Table 4.1MapReduce provides the input format

The default input format is Textinputformat, which takes each line of the input file as a separate record, but does not parse. This is useful for data that is not formatted or for row-based records, such as log files. One of the more interesting input formats is Keyvalueinputformat, which also takes each line of the input file as a separate record. However, the difference is that textinputformat the entire file line as the value data, Keyvalueinputformat is the Search tab character to split the row into key-value pairs. This is especially useful when outputting a mapreduce job as input to the next job, because the default output format (described in more detail below) is to output data in Keyvalueinputformat format. Finally speaking Sequencefileinputformat, it reads special Hadoop-specific binaries that contain many features that enable Hadoop's mapper to read data quickly. The sequence file is block-compressed and provides direct serialization and deserialization of several data types (not just text types). The Squence file can be used as the output data for a mapreduce task, and it is efficient to use it to do a mapreduce job to the intermediate data of another job.

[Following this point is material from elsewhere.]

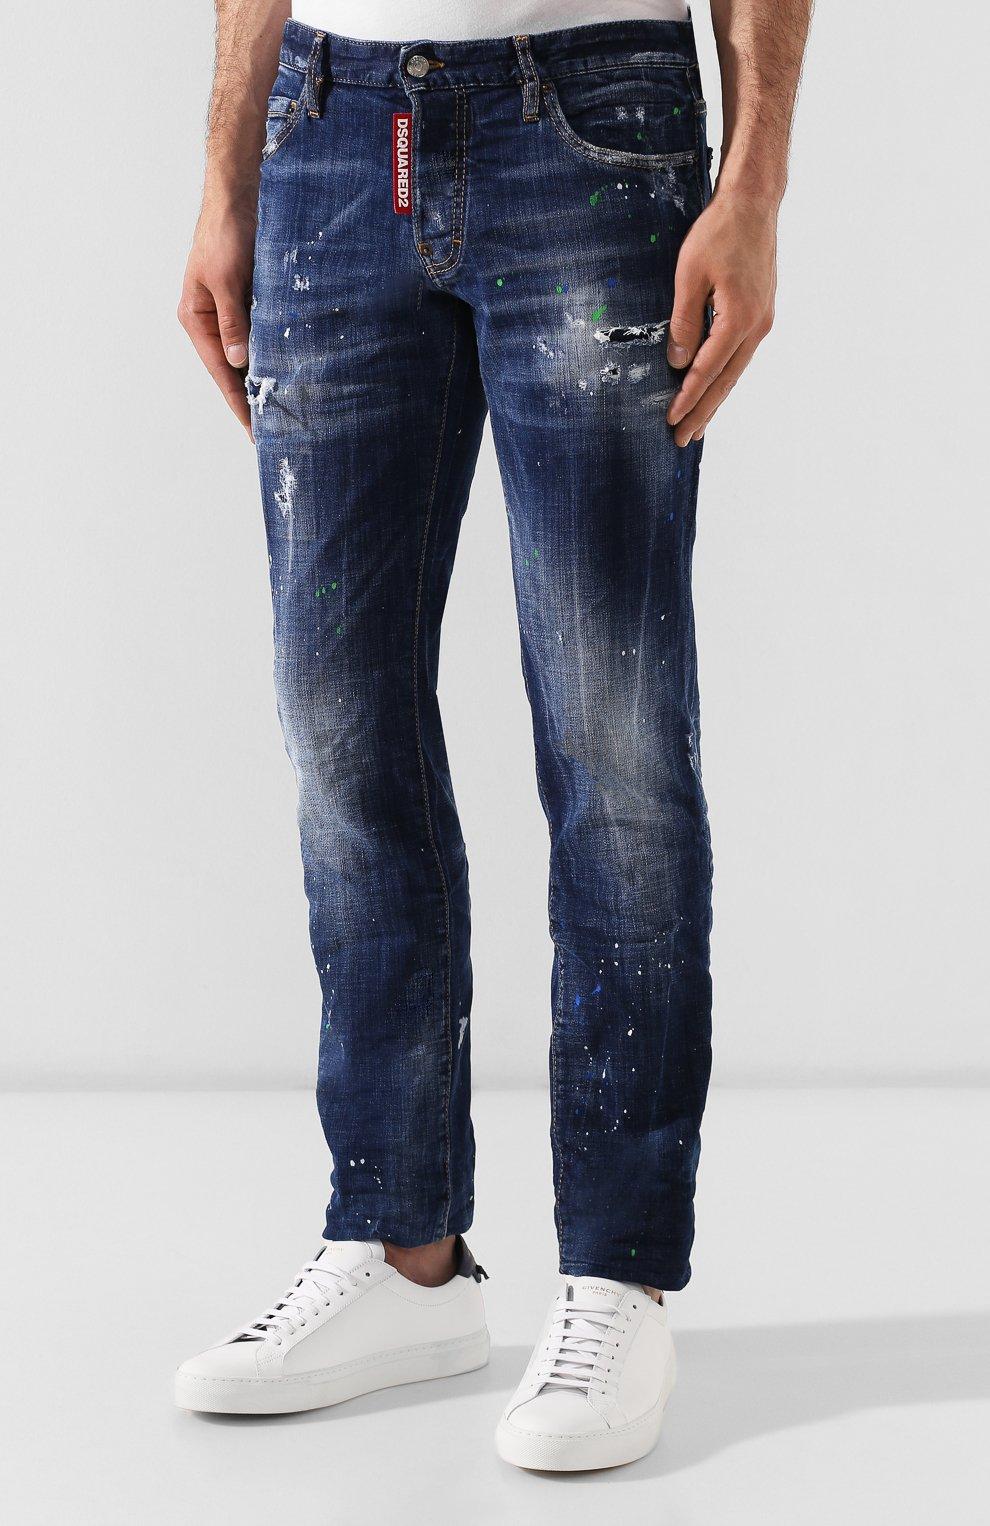 Мужские джинсы DSQUARED2 синего цвета, арт. S71LB0637/S30342   Фото 3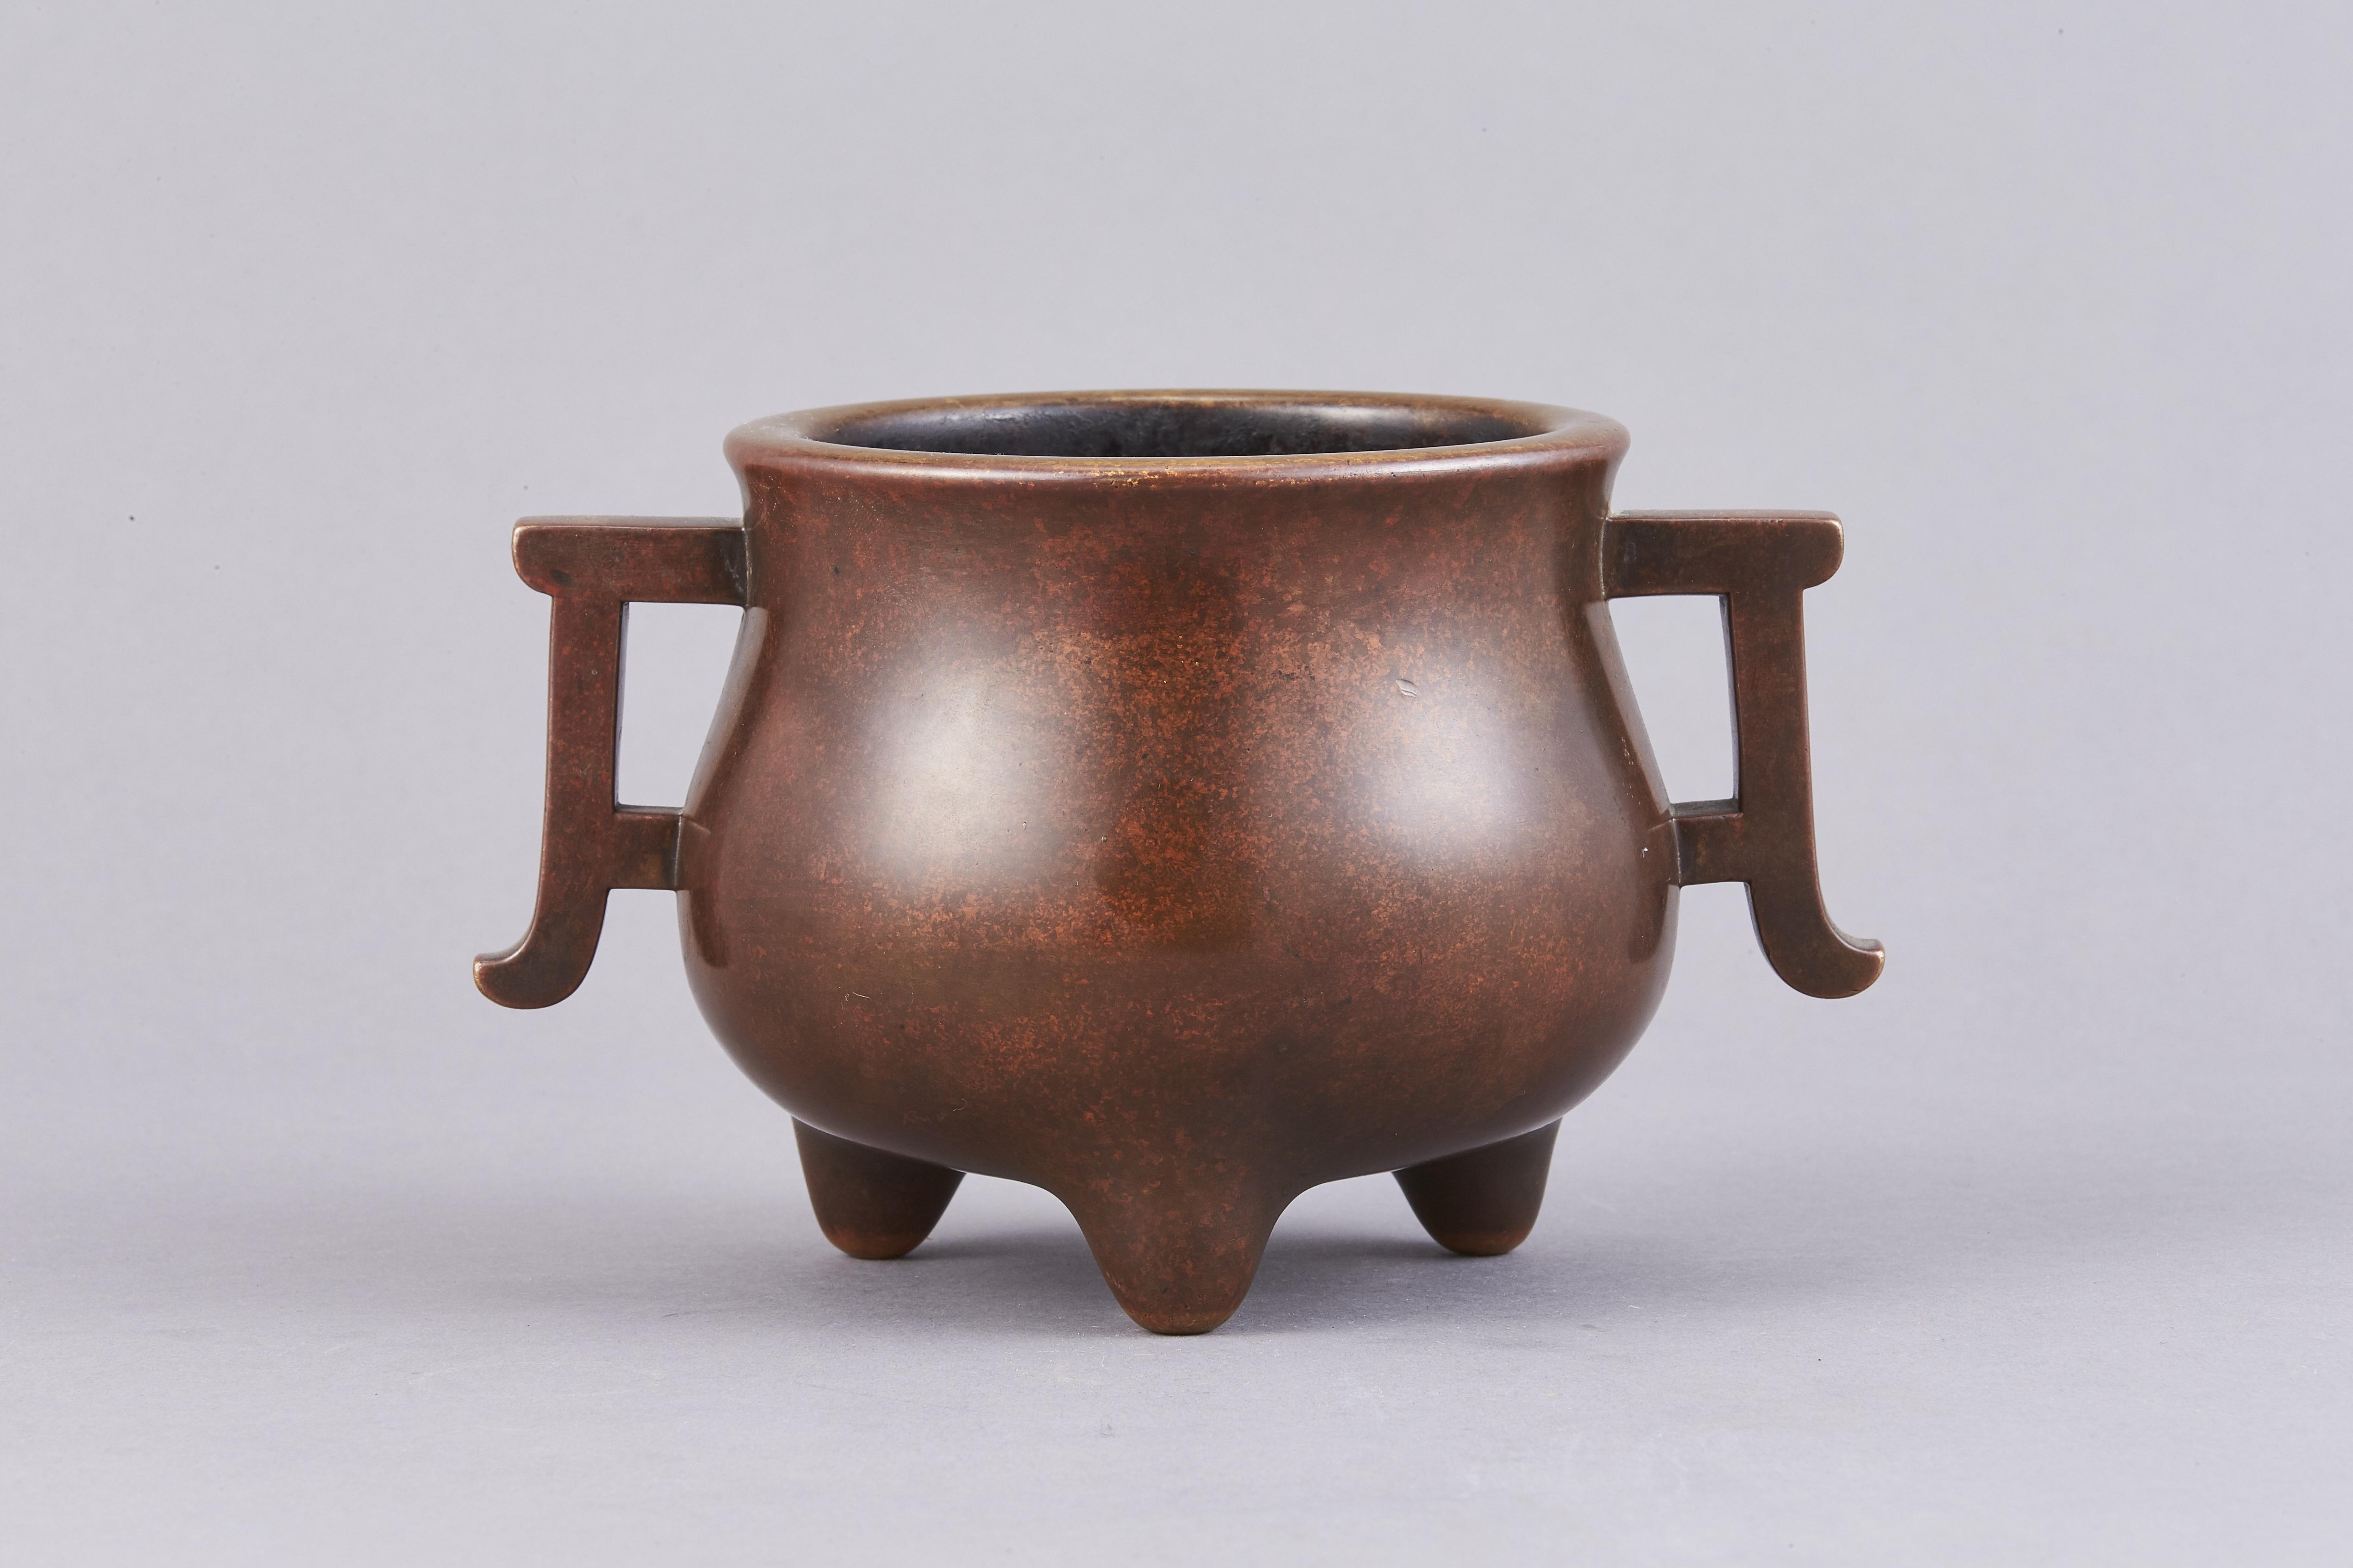 171424清早期「宣徳年製」款 銅 戧耳深腹 三足爐

3. Data fragment (Inputsplit):

An input block describes a unit that constitutes a single map task in a MapReduce program. Applying a MapReduce program to a dataset, meaning a job, consists of several (and possibly hundreds of) tasks. The map task may read the entire file, but it is generally read as part of the file. By default, Fileinputformat and its subclasses will split the file in 64MB (the same size as the block default for HDFs, where Hadoop suggests that the split size is the same) as the cardinality. You can do it in Hadoop-site.xml: 0.20.* Later in the Mapred-default.xml) file set the Mapred.min.split.size parameter to control the specific partition size, or in the specific MapReduce job jobconf object to override this parameter. By processing files in chunks, we can let multiple map tasks work in parallel with one file. If the file is very large, this feature can greatly improve performance by parallel processing. More importantly, because a file consisting of multiple blocks may be scattered over several nodes within the cluster (in fact, this is the case), the task can be dispatched on different nodes, so all the individual blocks are processed locally, rather than transferring data from one node to another. Of course, log files can be handled in a smart block manner, but some file formats do not support block processing. In this case, you can write a custom inputformat so that you can control how your files are split (or not split) into chunks of files. The custom file format is described in part five.
The input format defines the list of map tasks that make up the mapping phase, each of which corresponds to an input block. Then, depending on the physical address of the input file block, these tasks are dispatched to the corresponding system nodes, and multiple map tasks may be assigned to the same node. When the task is dispatched, the node begins to run the task, attempting to go to maximum parallelization. The maximum number of task parallelism on a node is controlled by the Mapred.tasktracker.map.tasks.maximum parameter.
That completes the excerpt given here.